Fill out the GROUP BY segment, including the WITH ROLLUP operator.
SELECT
c.CalendarYear,
c.CalendarQuarterName,
c.CalendarMonth,
-- Include the sum of incidents by day over each range
SUM(ir.NumberOfIncidents) AS NumberOfIncidents
FROM dbo.IncidentRollup ir
INNER JOIN dbo.Calendar c
ON ir.IncidentDate = c.Date
WHERE
ir.IncidentTypeID = 2
GROUP BY
-- GROUP BY needs to include all non-aggregated columns
c.CalendarYear,
c.CalendarQuarterName,
c.CalendarMonth
-- Fill in your grouping operator
WITH ROLLUP
ORDER BY
c.CalendarYear,
c.CalendarQuarterName,
c.CalendarMonth;
CalendarYear CalendarQuarterName CalendarMonth NumberOfIncidents
null null null 957
2019 null null 482
2019 Q3 null 221
...
</> View all aggregations with CUBE
Fill in the missing columns from dbo.Calendar in the SELECT clause.
Fill out the GROUP BY segment, including the CUBE operator.
SELECT
ir.IncidentTypeID,
c.CalendarQuarterName,
c.WeekOfMonth,
SUM(ir.NumberOfIncidents) AS NumberOfIncidents
FROM dbo.IncidentRollup ir
INNER JOIN dbo.Calendar c
ON ir.IncidentDate = c.Date
WHERE
ir.IncidentTypeID IN (3, 4)
GROUP BY
ir.IncidentTypeID,
c.CalendarQuarterName,
c.WeekOfMonth
WITH CUBE
ORDER BY
ir.IncidentTypeID,
c.CalendarQuarterName,
c.WeekOfMonth;
IncidentTypeID CalendarQuarterName WeekOfMonth NumberOfIncidents
null null null 1241
null null 1 218
null null 2 295
...
In which quarter did we see the greatest number of incidents?
- Quarter 1
- Quarter 2
- Quarter 3
- Quarter 4
</> Generate custom groupings with GROUPING SETS
Fill out the GROUP BY segment using GROUPING SETS. We want to see:
One row for each combination of year, quarter, and month (in that hierarchical order)
One row for each year
One row with grand totals (that is, a blank group)
SELECT
c.CalendarYear,
c.CalendarQuarterName,
c.CalendarMonth,
SUM(ir.NumberOfIncidents) AS NumberOfIncidents
FROM dbo.IncidentRollup ir
INNER JOIN dbo.Calendar c
ON ir.IncidentDate = c.Date
WHERE
ir.IncidentTypeID = 2
GROUP BY GROUPING SETS
(
(c.CalendarYear, c.CalendarQuarterName, c.CalendarMonth),
(c.CalendarYear),
()
)
ORDER BY
c.CalendarYear,
c.CalendarQuarterName,
c.CalendarMonth;
CalendarYear CalendarQuarterName CalendarMonth NumberOfIncidents
null null null 957
2019 null null 482
2019 Q3 7 71
...
</> Combine multiple aggregations in one query
Fill out the grouping sets based on our conjectures above.
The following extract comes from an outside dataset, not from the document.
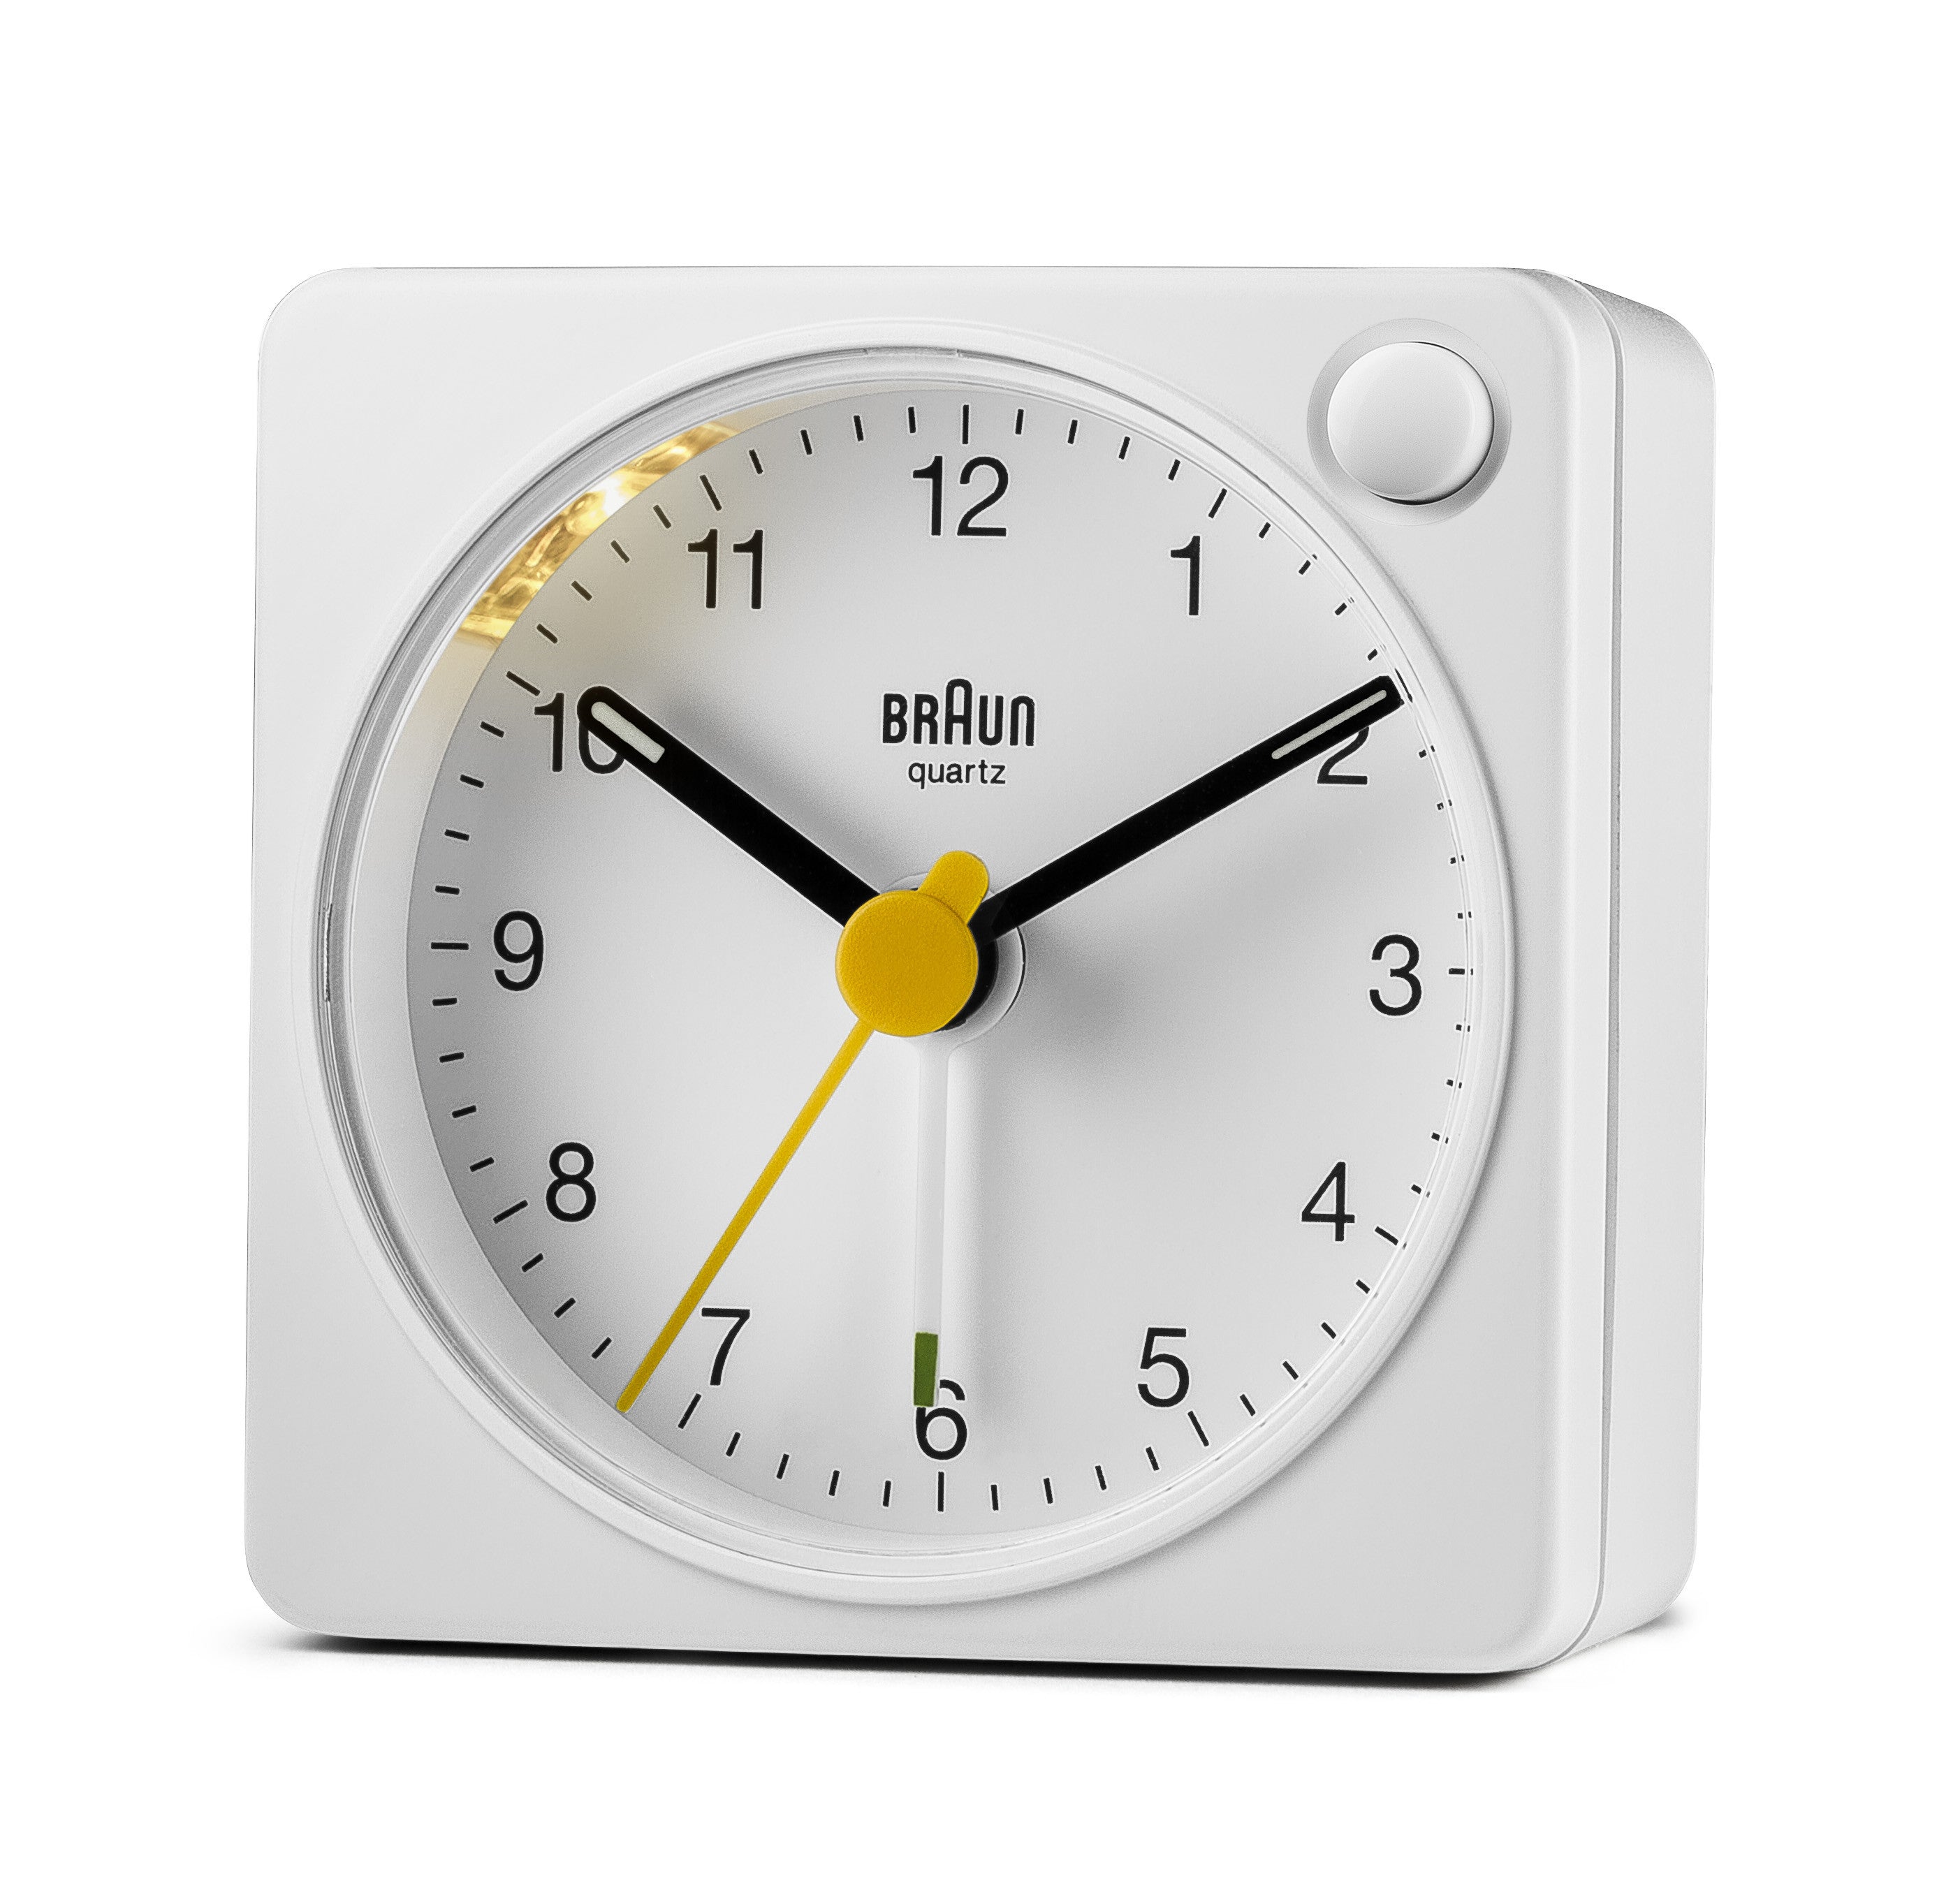 Braun Classic Travel Analogue Alarm Clock – White/White

We want to see the following grouping sets in addition to our grand total:
- One set by calendar year and month
- One set by the day of the week
- One set by whether the date is a weekend or not
SELECT
c.CalendarYear,
c.CalendarMonth,
c.DayOfWeek,
c.IsWeekend,
SUM(ir.NumberOfIncidents) AS NumberOfIncidents
FROM dbo.IncidentRollup ir
INNER JOIN dbo.Calendar c
ON ir.IncidentDate = c.Date
GROUP BY GROUPING SETS
(
(c.CalendarYear, c.CalendarMonth),
(c.DayOfWeek),
(c.IsWeekend),
()
)
ORDER BY
c.CalendarYear,
c.CalendarMonth,
c.DayOfWeek,
c.IsWeekend;
CalendarYear CalendarMonth DayOfWeek IsWeekend NumberOfIncidents
null null null null 3756
null null null false 2677
null null null true 1079
...
4. Answering Time Series Questions with Window Functions
</> Contrasting ROW_NUMBER(), RANK(), and DENSE_RANK()
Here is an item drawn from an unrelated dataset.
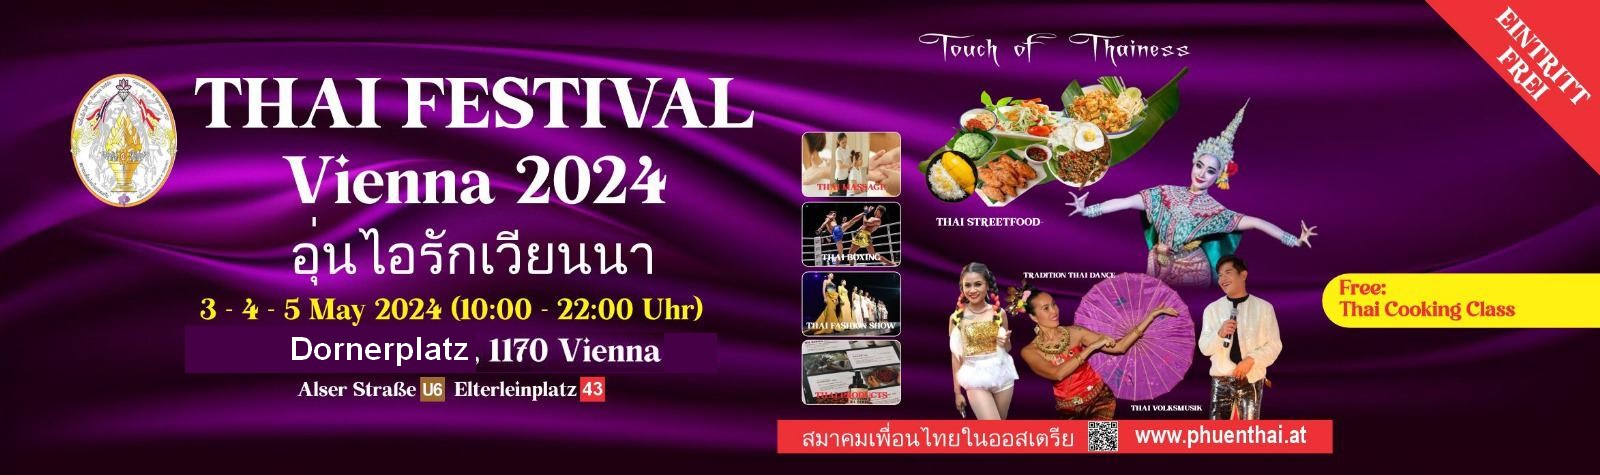 Thailand fabulous summer festival - phuenthai.at

Fill in each window function based on the column alias. You should include ROW_NUMBER(), RANK(), and DENSE_RANK() exactly once.
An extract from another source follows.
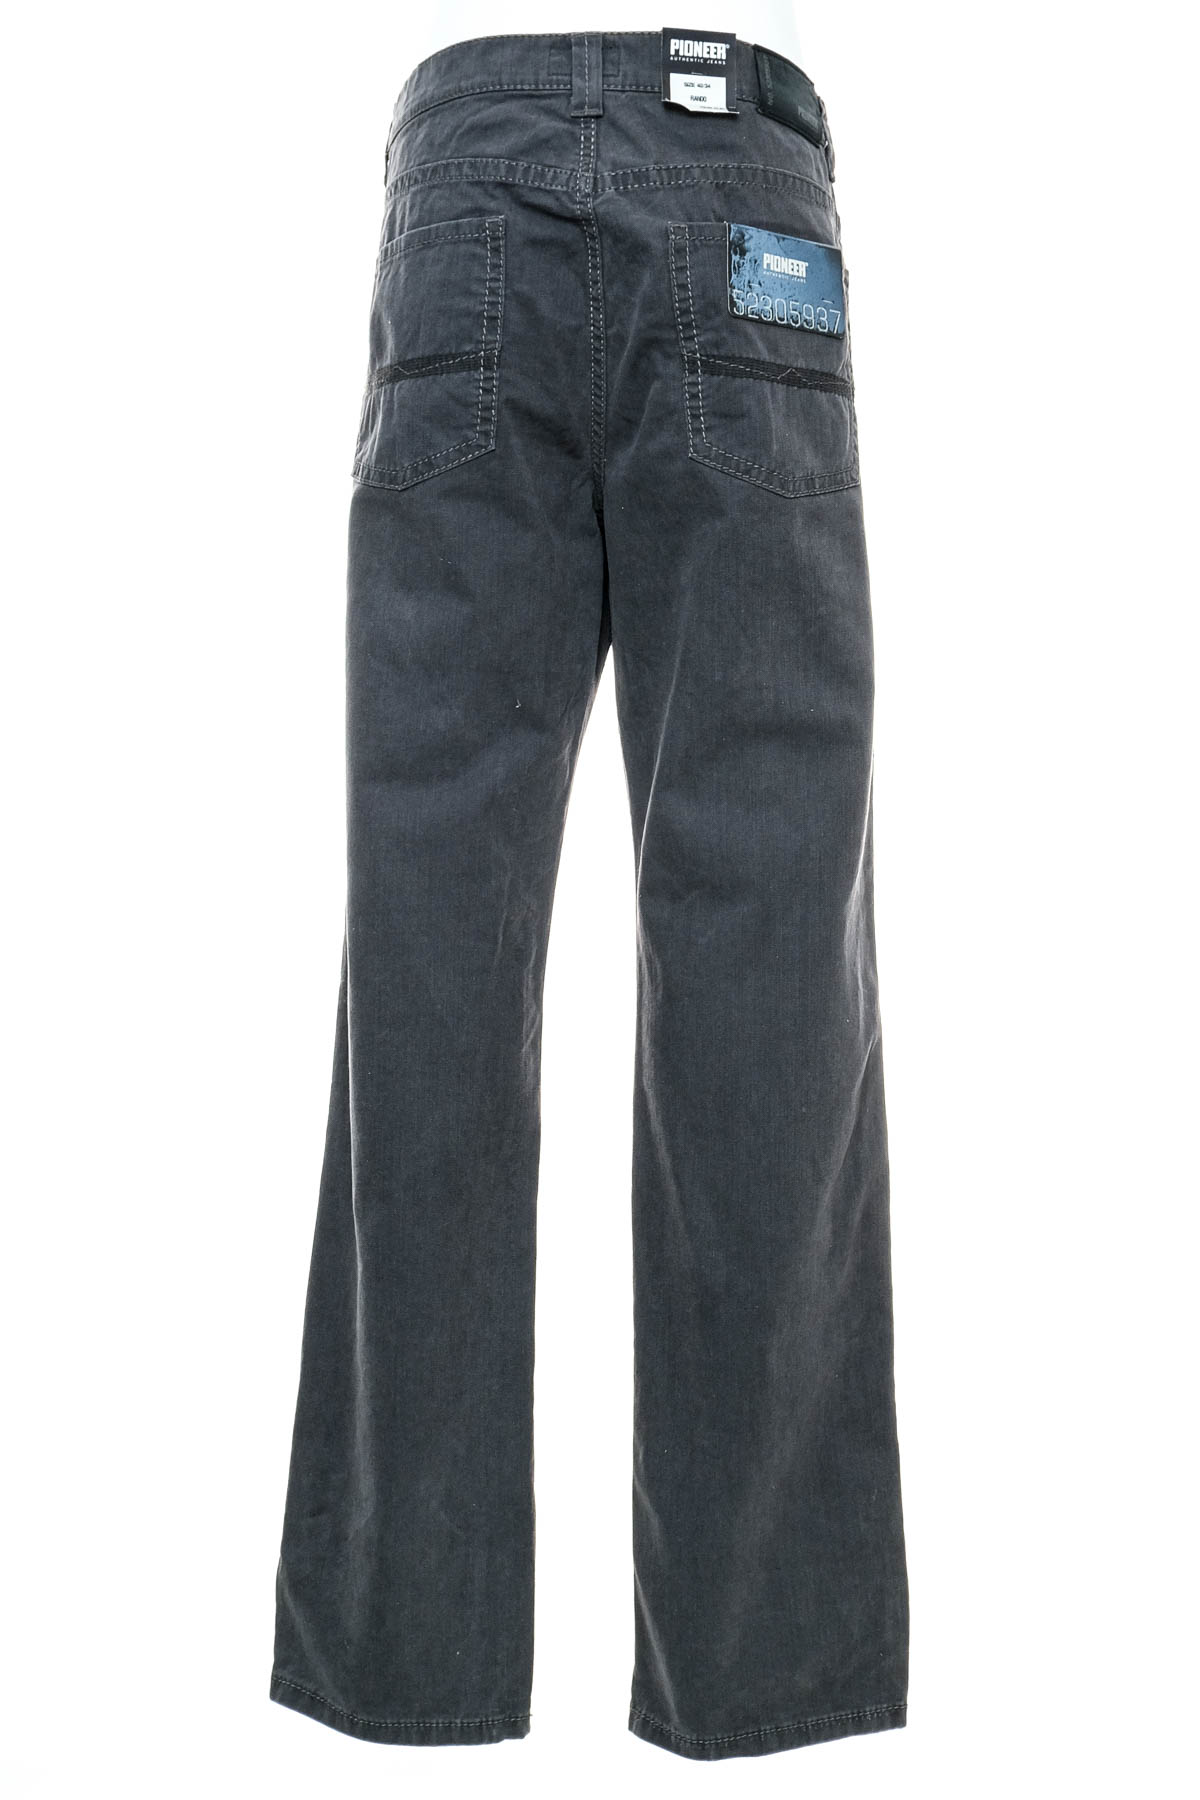 Men's jeans - Pioneer - 1

Fill in the OVER clause ordering by ir.NumberOfIncidents in descending order.
SELECT
ir.IncidentDate,
ir.NumberOfIncidents,
ROW_NUMBER() OVER (ORDER BY ir.NumberOfIncidents DESC) AS rownum,
RANK() OVER (ORDER BY ir.NumberOfIncidents DESC) AS rk,
DENSE_RANK() OVER (ORDER BY ir.NumberOfIncidents DESC) AS dr
FROM dbo.IncidentRollup ir
WHERE
ir.IncidentTypeID = 3
AND ir.NumberOfIncidents >= 8
ORDER BY
ir.NumberOfIncidents DESC;
IncidentDate NumberOfIncidents rownum rk dr
2020-06-26 12 1 1 1
2020-04-20 11 2 2 2
2020-05-24 10 3 3 3
...
</> Aggregate window functions
Fill in the correct aggregate function for each column in the result set.
SELECT
ir.IncidentDate,
ir.NumberOfIncidents,
SUM(ir.NumberOfIncidents) OVER () AS SumOfIncidents,
MIN(ir.NumberOfIncidents) OVER () AS LowestNumberOfIncidents,
MAX(ir.NumberOfIncidents) OVER () AS HighestNumberOfIncidents,
COUNT(ir.NumberOfIncidents) OVER () AS CountOfIncidents
FROM dbo.IncidentRollup ir
WHERE
ir.IncidentDate BETWEEN '2019-07-01' AND '2019-07-31'
AND ir.IncidentTypeID = 3;
IncidentDate NumberOfIncidents SumOfIncidents LowestNumberOfIncidents HighestNumberOfIncidents CountOfIncidents
2019-07-02 3 62 1 10 15
2019-07-05 10 62 1 10 15
2019-07-07 6 62 1 10 15
...
</> Running totals with SUM()
Fill in the correct window function.
Fill in the PARTITION BY clause in the window function, partitioning by incident type ID.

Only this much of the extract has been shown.